> [Source information]
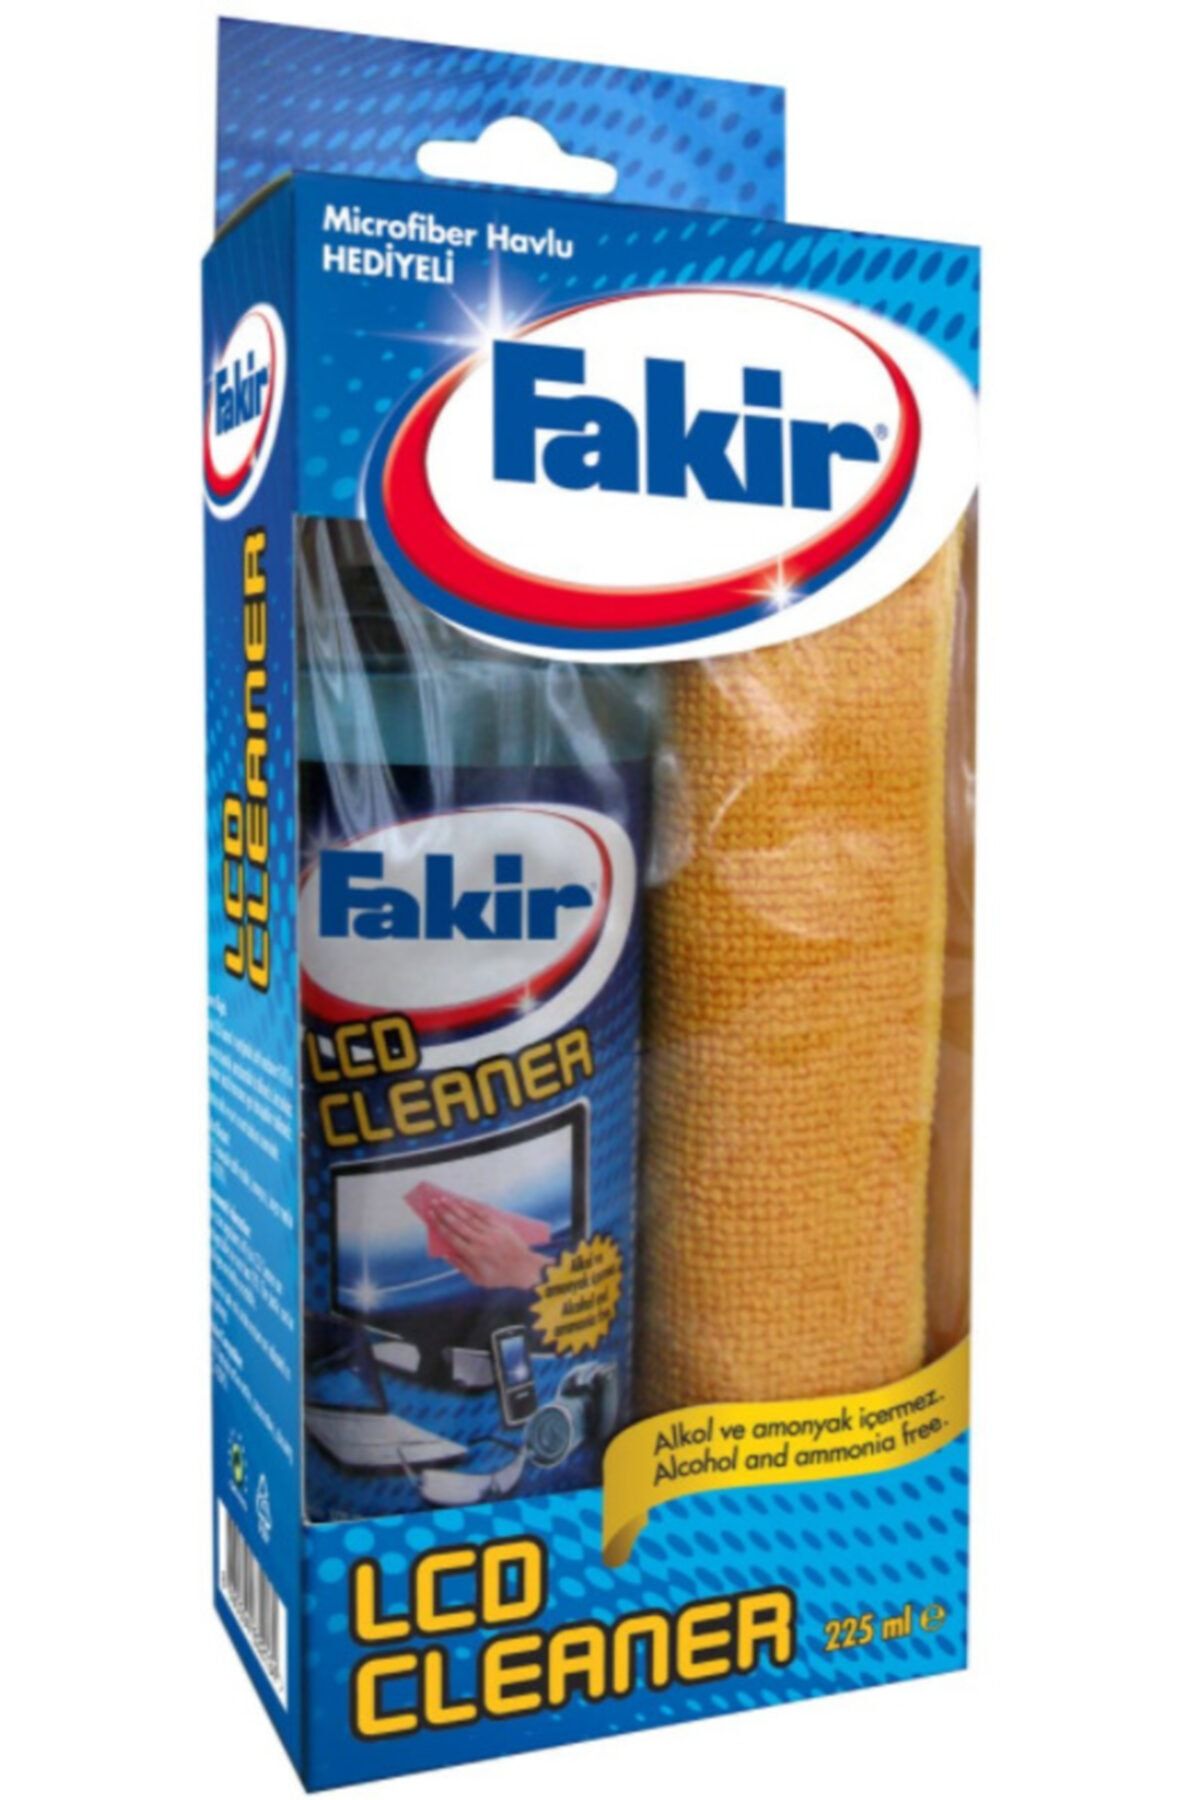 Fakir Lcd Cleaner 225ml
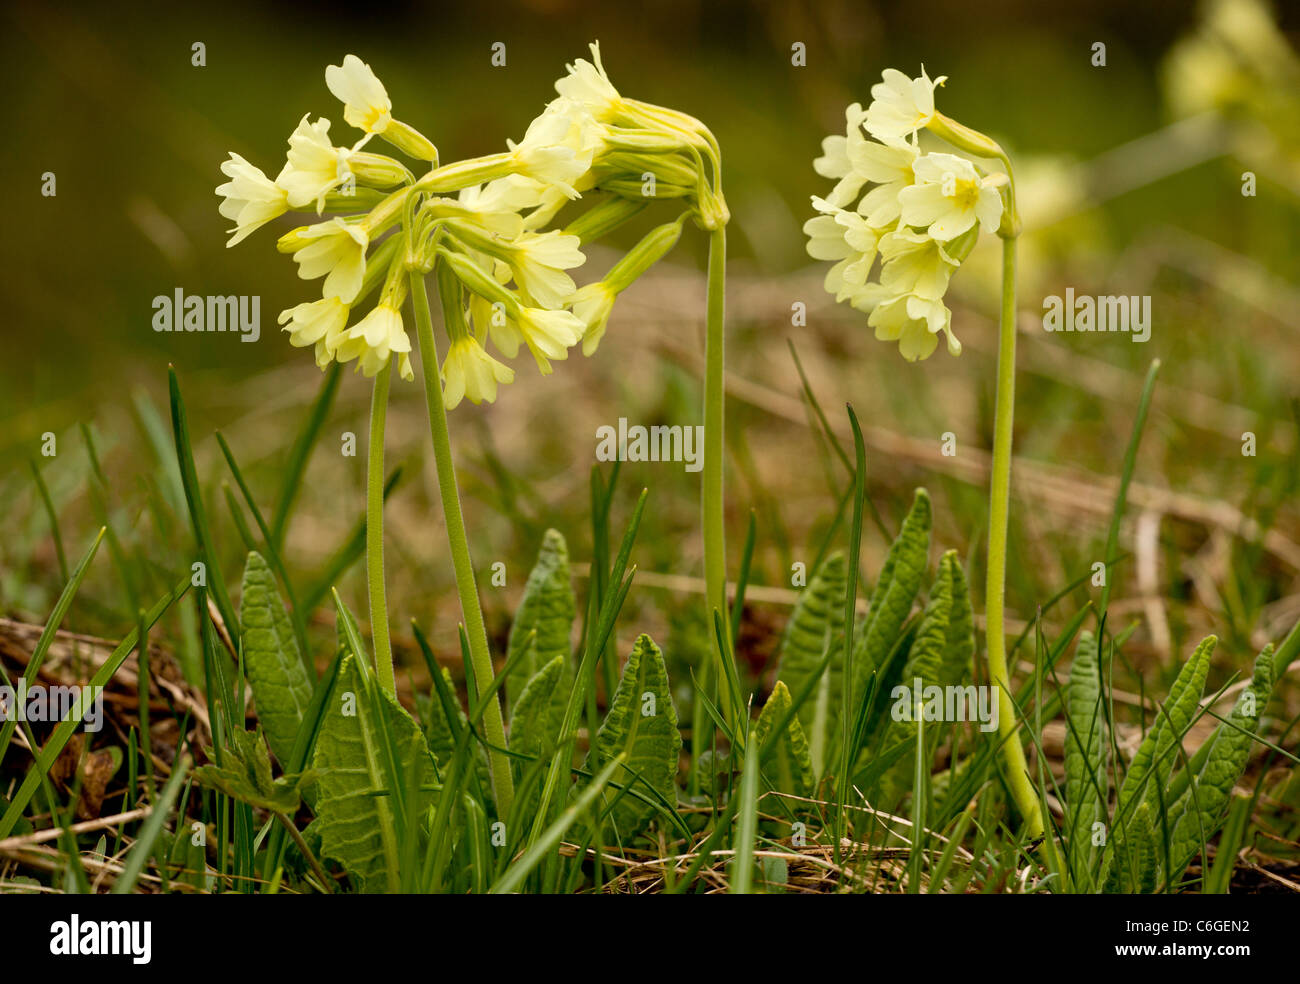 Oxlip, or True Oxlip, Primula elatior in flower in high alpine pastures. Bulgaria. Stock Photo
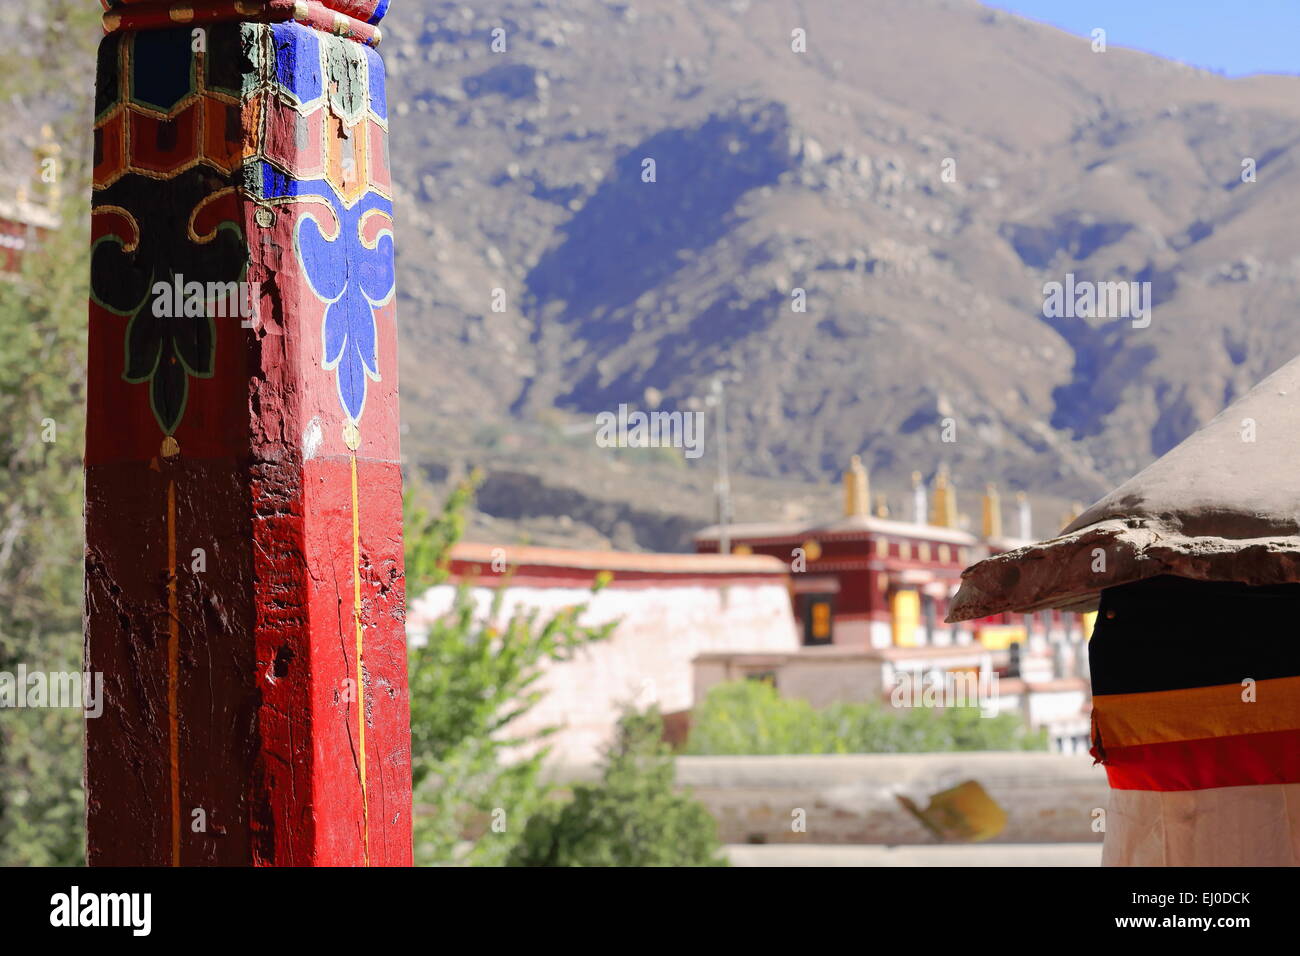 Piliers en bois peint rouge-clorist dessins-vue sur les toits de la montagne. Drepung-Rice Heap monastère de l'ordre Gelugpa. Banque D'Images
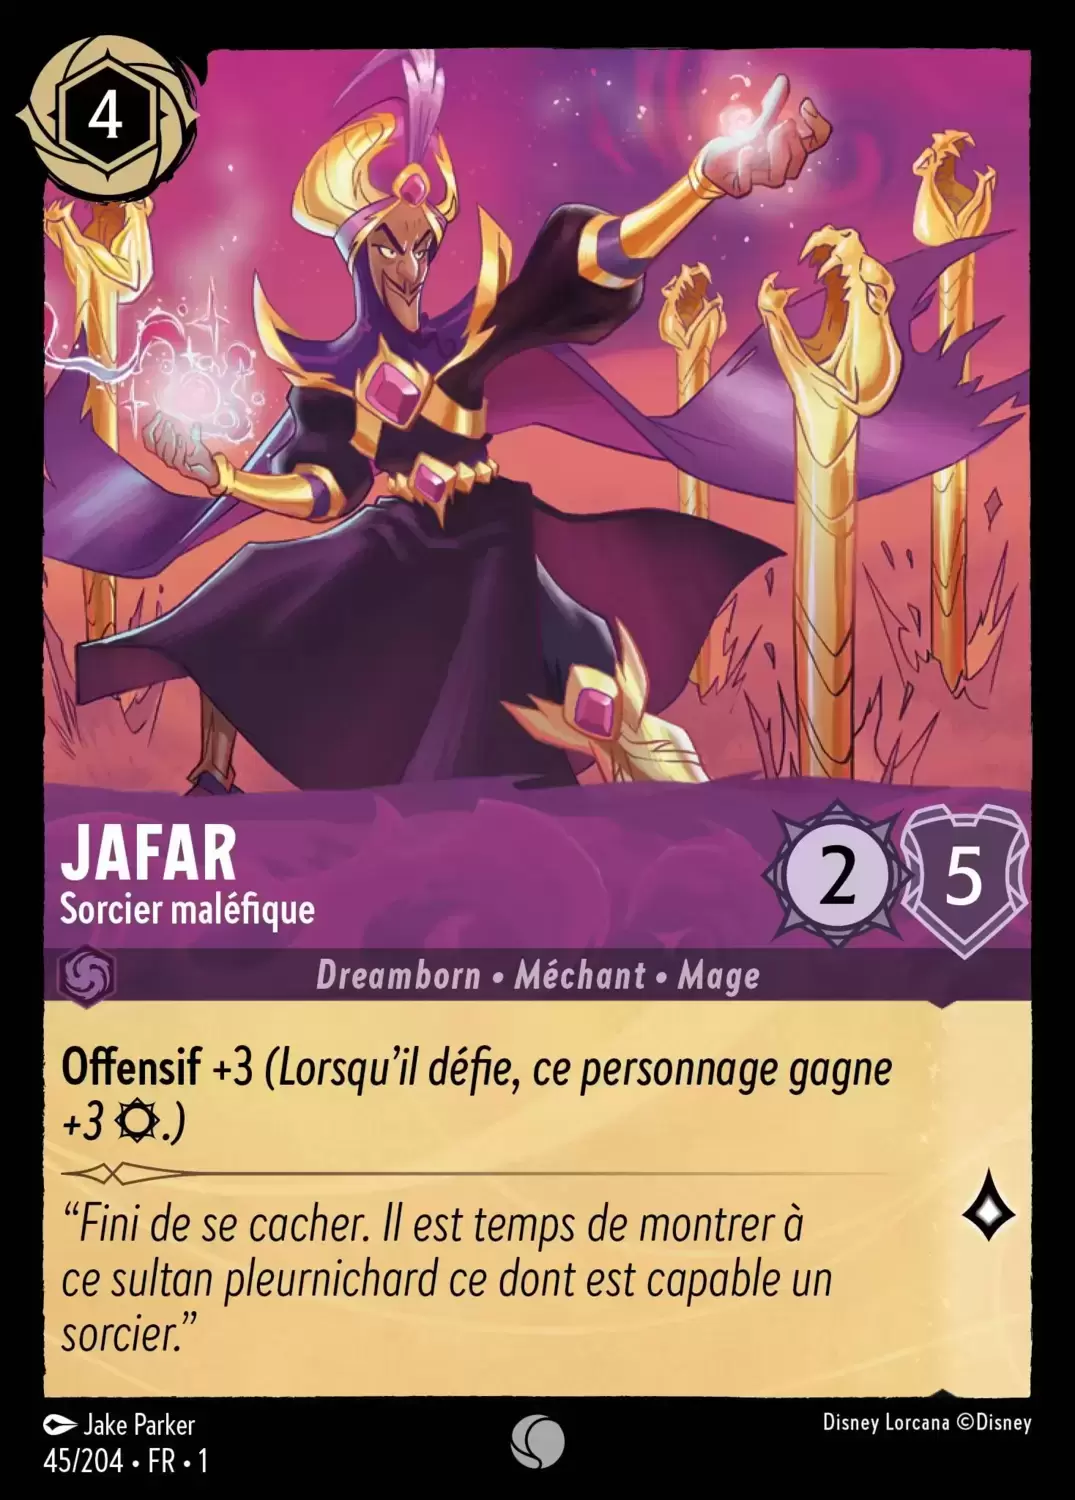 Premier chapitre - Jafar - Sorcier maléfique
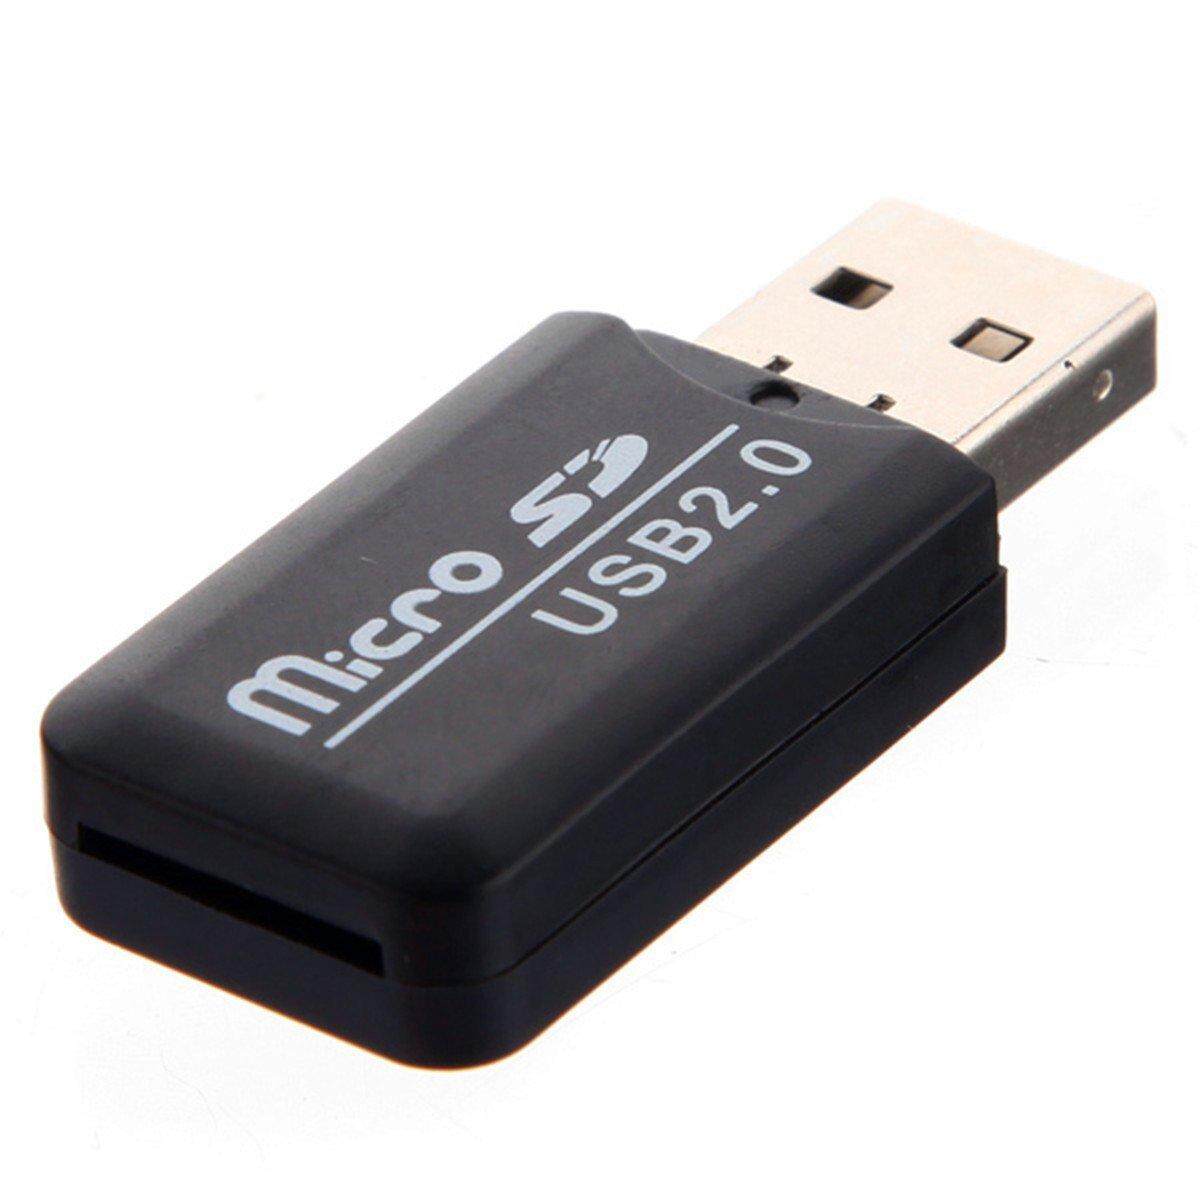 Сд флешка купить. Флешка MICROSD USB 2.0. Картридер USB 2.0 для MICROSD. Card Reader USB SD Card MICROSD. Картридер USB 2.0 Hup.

> [How to complete this task] When you transcribe the lines above, keep every word exact but leave the pictures behind.

> [Solution]
 Fakir Lcd Cleaner 225ml
 Oxlip, or True Oxlip, Primula elatior in flower in high alpine pastures. Bulgaria. Stock Photo
 Piliers en bois peint rouge-clorist dessins-vue sur les toits de la montagne. Drepung-Rice Heap monastère de l'ordre Gelugpa. Banque D'Images
 Premier chapitre - Jafar - Sorcier maléfique
 Сд флешка купить. Флешка MICROSD USB 2.0. Картридер USB 2.0 для MICROSD. Card Reader USB SD Card MICROSD. Картридер USB 2.0 Hup.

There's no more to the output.